Donna Nook has one of the biggest grey seal colonies in England and it's definitely the most accessible I know of. There are often fluffy white baby seals staring up from just the other side of the observation fence. It's a great privilege to be able to get so close to them and observe everyday behaviour such as the very young pups suckling, the older pups and adult seals lounging about on the sand, the big males fighting off any intruders. Did I mention the young pups are very cute with their fluffy white fur and big dark eyes?
When I was a child growing up in Lincolnshire we knew nothing about the grey seal colony down the coast. I don't think there were very many breeding on the dunes back then. I saw a chart at the information hut today showing the history of the colony in terms of number of pups born here. If that's correct then in the 80s there were only a few dozen pups born here each year. By 1999 it was up to 600 and last year there were 1400.

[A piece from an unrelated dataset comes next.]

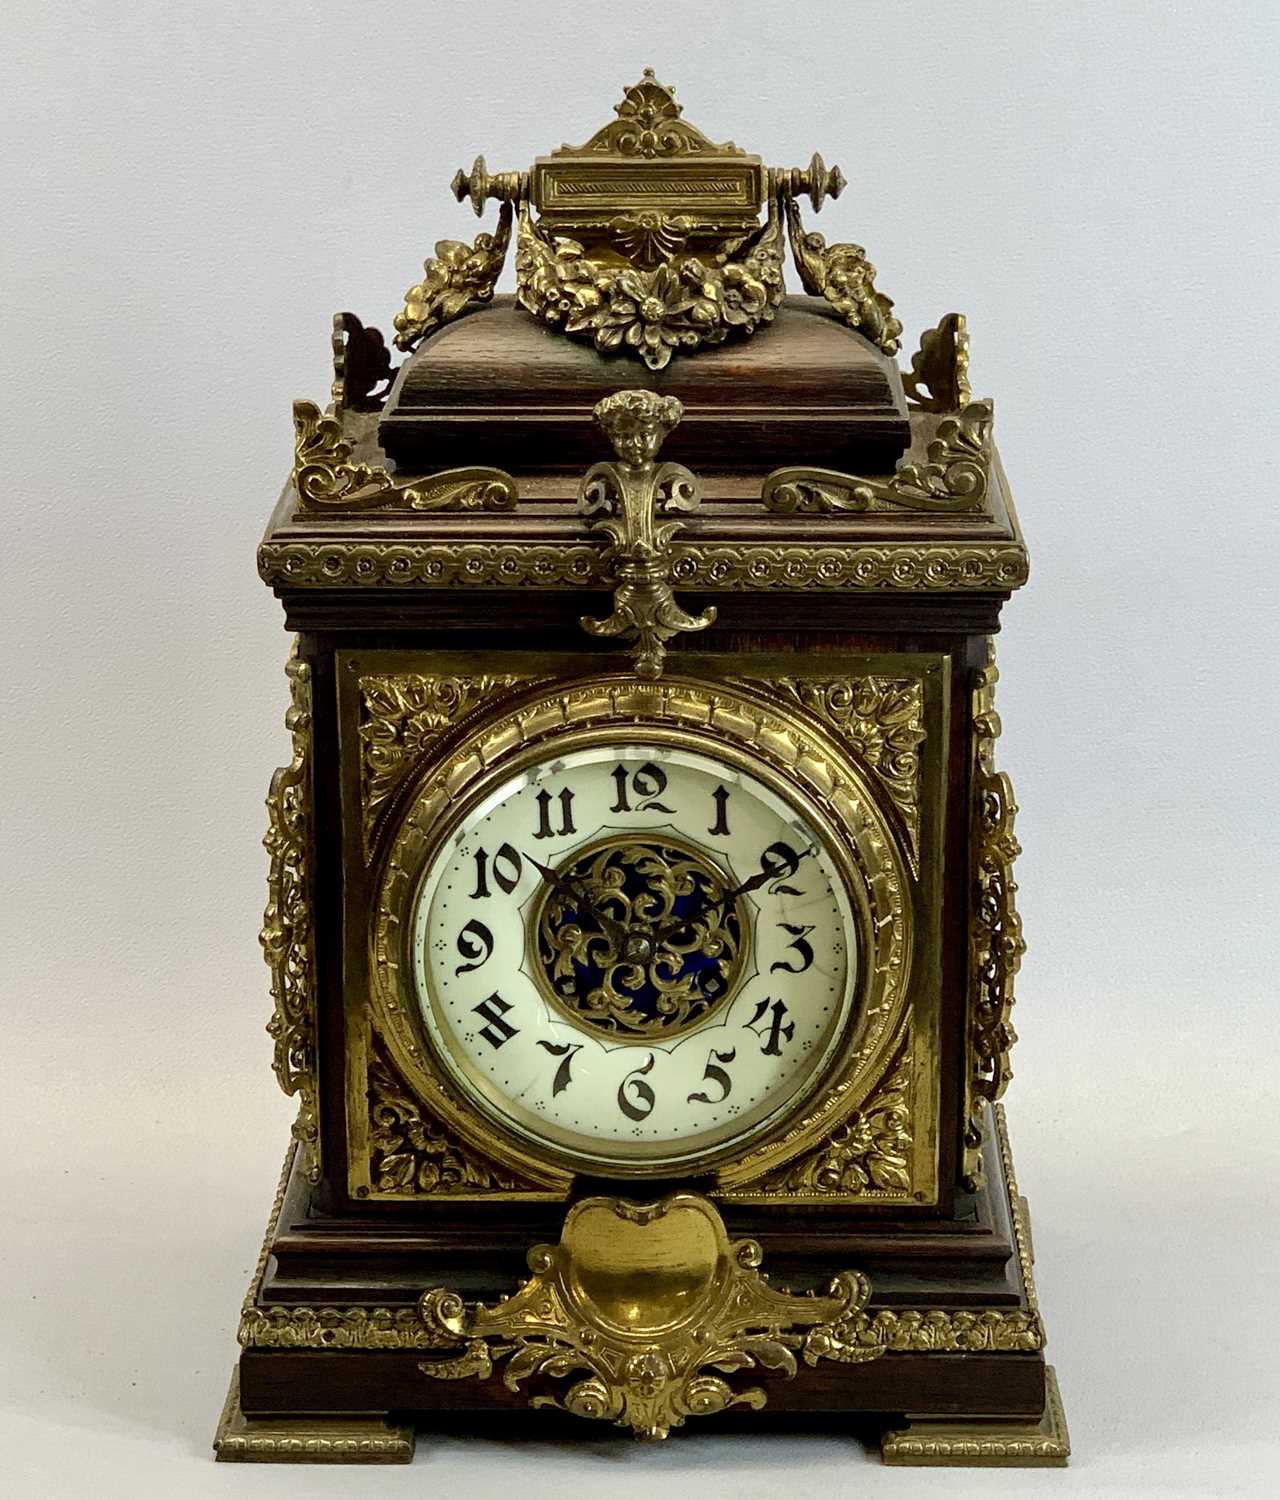 A FRENCH OAK & GILDED ORMOLU MOUNTED MANTEL CLOCK - late 19th Century, cream ceramic dial with black

The volunteers were speculating about why they've settled in so well here. They most likely arrived due to overspill from an older colony, possibly coming South from the Farne Islands in Northumberland. The dunes are a safe, sheltered environment and it has protected status as a nature reserve and an MOD range. If numbers continue to increase at this rate it won't be long before some enterprising seals break off and attempt to form another colony further down the coast. For now though, there's just this annual spectacle well worth visiting for a close up of grey seal life. Did I mention seal pups are cute?
NaJoWriMo27 - Career changing
Nov 27, 2011
Being the last Sunday of the month, today was time for our local farmers' market. It's a bustling event, held alongside the busy ordinary market and has become an important part of our grocery shopping schedule. We plan ahead based on our favourite stalls and are recognised by some of the traders as regular customers. We will eat well this week.
One of the traders knows me better than most. She used to be my colleague, in fact she was my boss for a while. We both took redundancy from that company when they restructured around 5 years ago. I went on to do a similar job, in a very different environment and for fewer days a week. She decided to turn her foodie hobbies into a business and make jam.
I remember the look on her face the day she said she'd decided what she was going to do. I remember the early planning stages, the discussions with the authorities on food hygiene and I particularly remember tasting her earliest efforts as she worked on recipes, pricing and branding.
Chatting to her today, it's great to see her new business is definitely succeeding. She's expanded out of her kitchen into a proper unit with a couple of employees. She's developed a range of jams and relishes, producing consistently tasty products that have even won a couple of awards. I always believed she had the energy and determination to make a go of it and I always hoped she'd do well. Sometimes taking redundancy really can lead to a satisfying new career.